I have had a few clients who have caused me to examine stuff in more detail. Not just stuff about them. But stuff about me too.
I had noticed that those who had experienced violence as a child didn’t blame the violent parent, but rather blamed the other one for not protecting them. Even though it was clear they were subject to the same violence.
I realised why. I realised that if they blamed their abuser then they couldn’t accept any blame themselves. By blaming the non-abusive parent they keep some of the responsibility.
I looked inwards and reflected on this.
At the weekend I heard Trevor Silvester talk again and he shared this Kelly Clarkson video, like he has before. After the last time I used it often when I spoke with kids.
This time I heard things in the song I’d not heard before.
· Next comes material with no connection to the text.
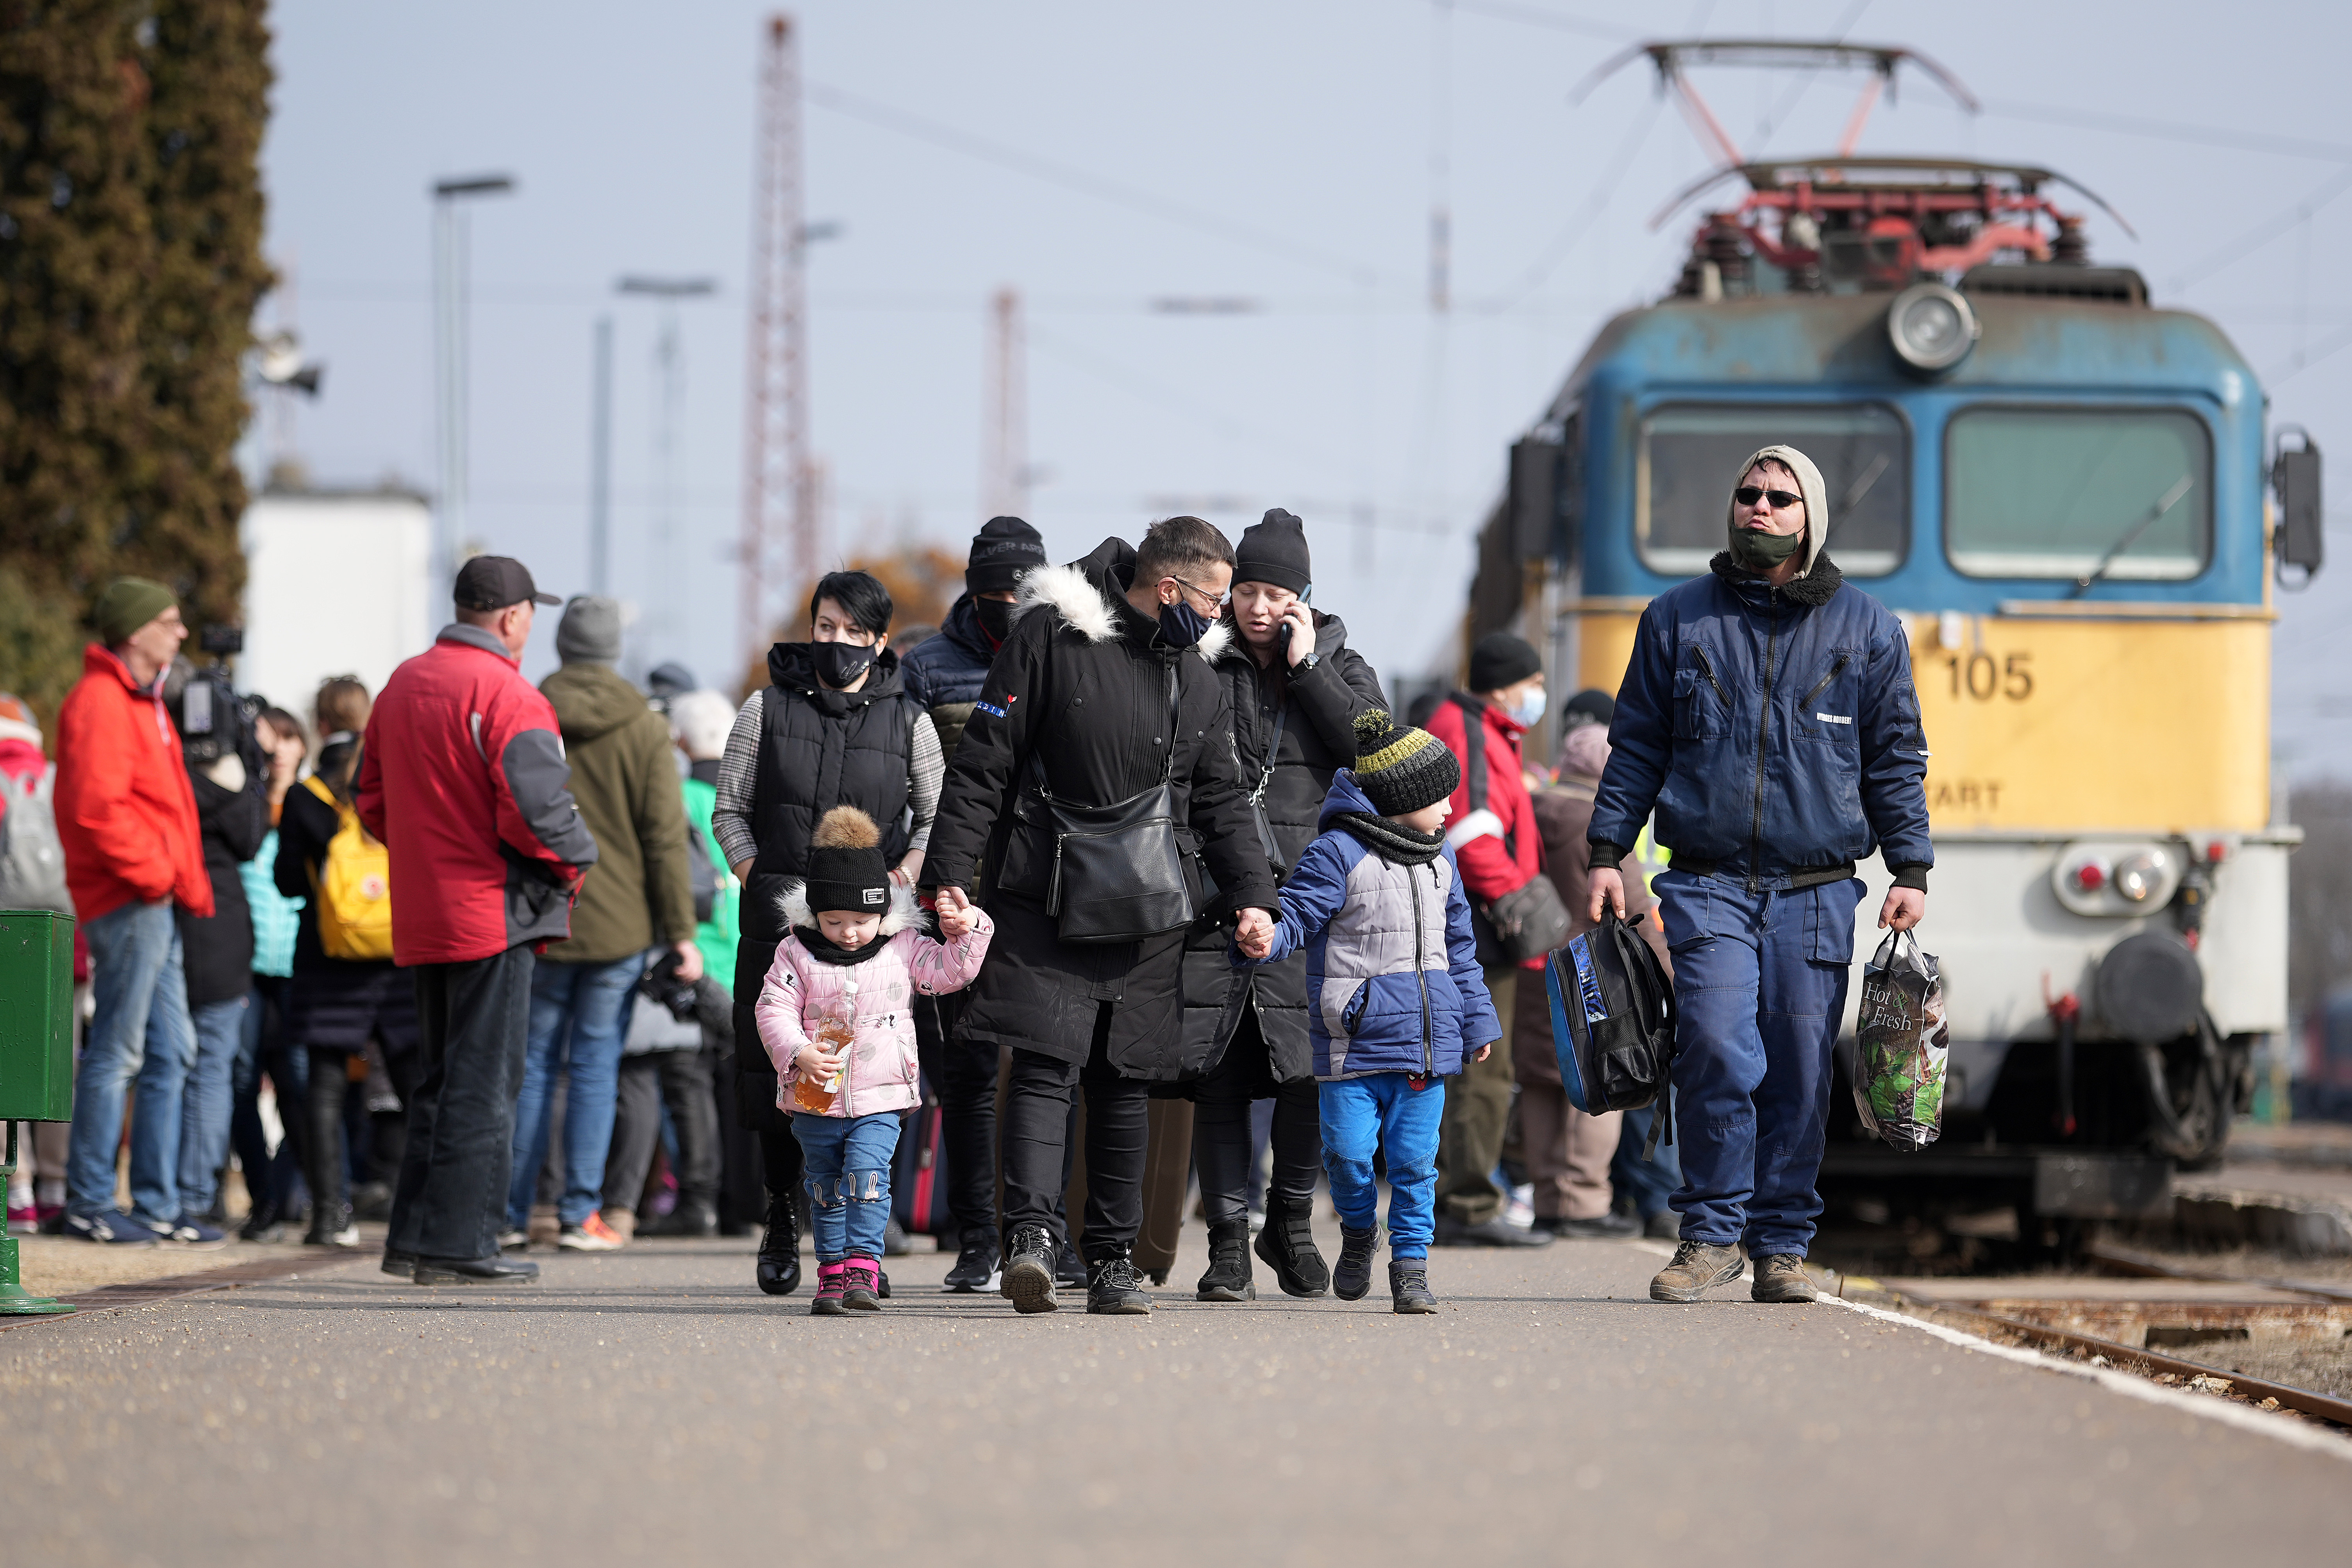 ¿Cómo son recibidos los refugiados ucranianos en Europa?

I always thought the song was about her dad. It isn’t. It’s about her mum. Here is an extract:
“I heard you cry every night in your sleep
I was so young
You should have known better than to lean on me
You never thought of anyone else
You just saw your pain”
It was quite a revelation.
It made me look inwards again.
And I want to share here what I now realise:
I realise now… that I blamed the wrong person for what happened. That is not to say they were blame-less – but it was merely a deflection.
I realise… no one is to blame. That includes me. Shit happens. It doesn’t always mean anything.
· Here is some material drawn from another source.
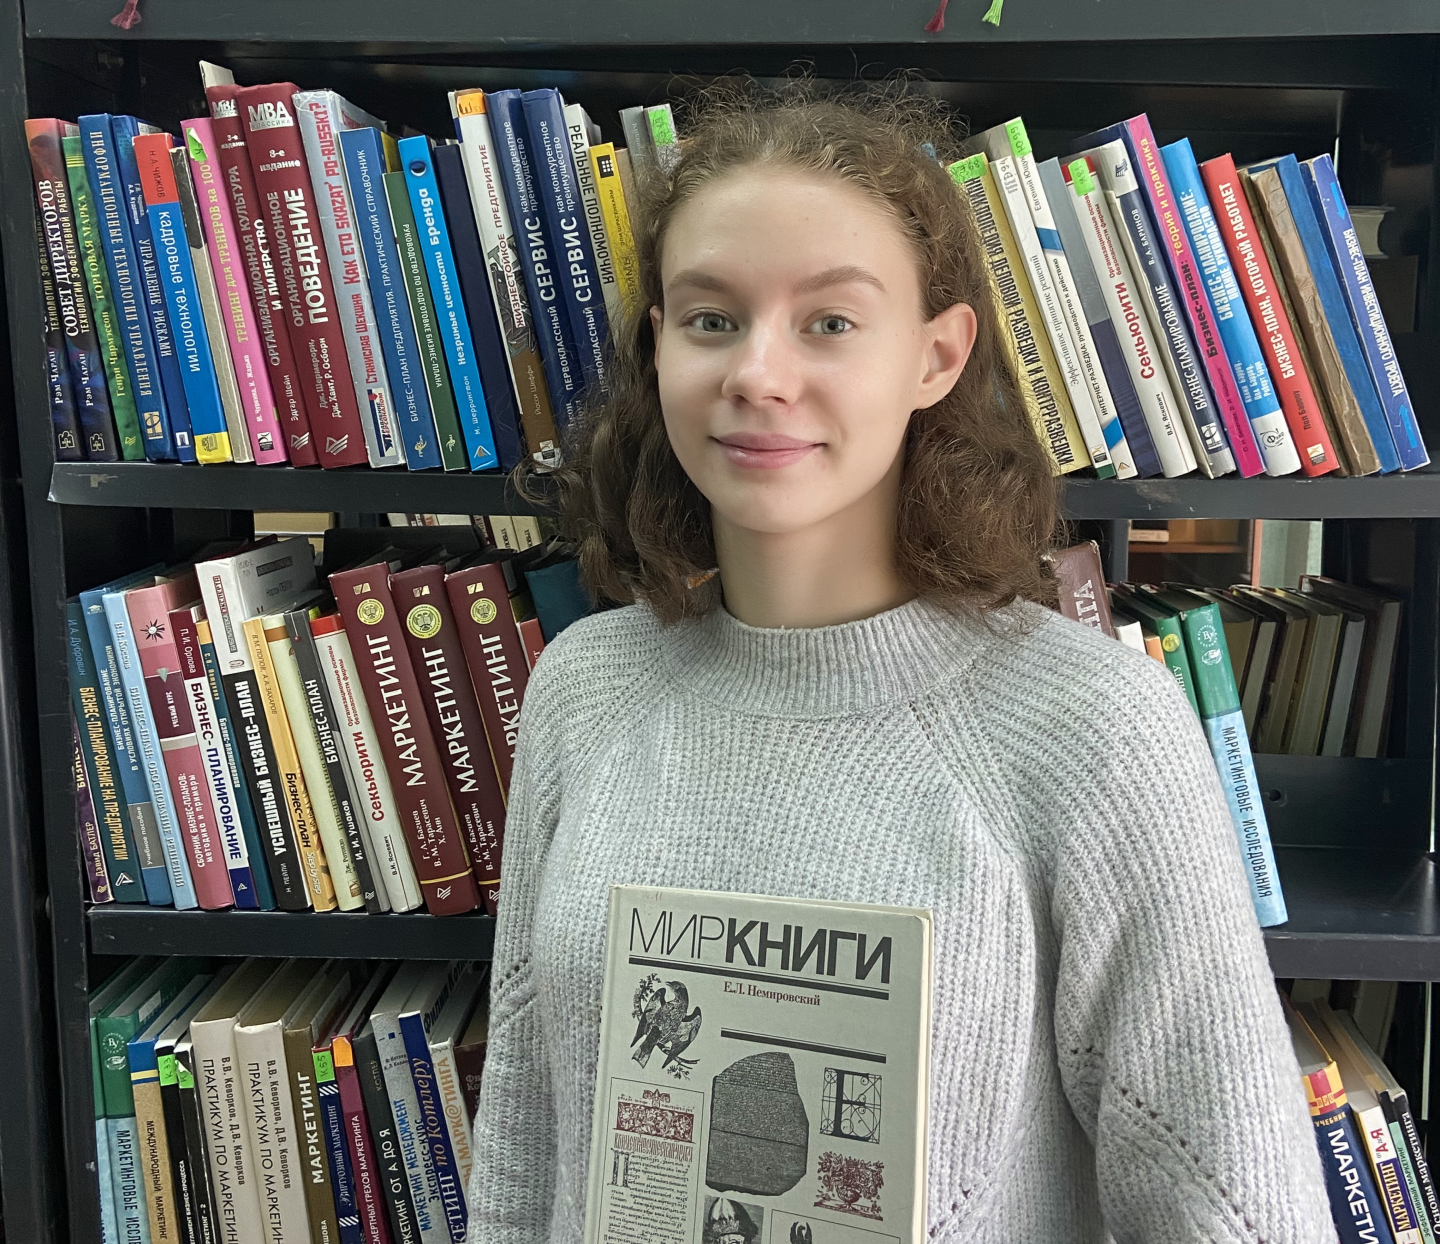 Софья Петрова, набрала 200 баллов по ЕГЭ: Для меня книга  - символ неторопливого чтения и наслаждения текстом

I realise now… that my lack of anger towards him is not healthy. It is not right. I’m working on that. It’s quite a shift. It’s also quite scary. But they say you can’t stop energy, you can merely transform it. So I need to redirect it.
I realise now…I can let go. I know I don’t need to forgive. Forgiving is, in my opinion, an emotionally loaded action. I do need to let go. Of blame. Of that small part of me that remains that believes it happened to me because of me, and not because shit happens and I was in the wrong place at the wrong time.
I realise now…it’s my choice. I can allow people to have power over the way I feel or I can create a surface that their stuff can’t stick to. I just need to think of the little one giggling. That deflects anything negative in an instant.
I realise now…I am lucky. I have had a chance to learn so much and those lessons mean I can help others. Not because I can relate to what they’ve been through – but because I know I don’t have to. Each experience is unique to us. Our thoughts define our experience. I know I can change my thoughts and change my experience, which means I also know I can help my clients to do the same. I just need to work out how.
I realise now…how far I have come. I know what’s possible. I also know how far I still have to go. My moods can swing in a moment from elation to feeling like I’m failing at everything. It passes quickly, but I still take too much on board. I tell myself that one day I will be free of being a screwed up person, but I’m not so sure.
I hope I never lose sight of how lucky I am.
I hope I never lose my passion for helping others become free.
I hope I never lose that belief that anything is possible.
I hope I never lose sight of the fact that we are all in a work in progress, so it doesn’t mean anything when I need to seek help. I think we all do sometimes – and that’s ok.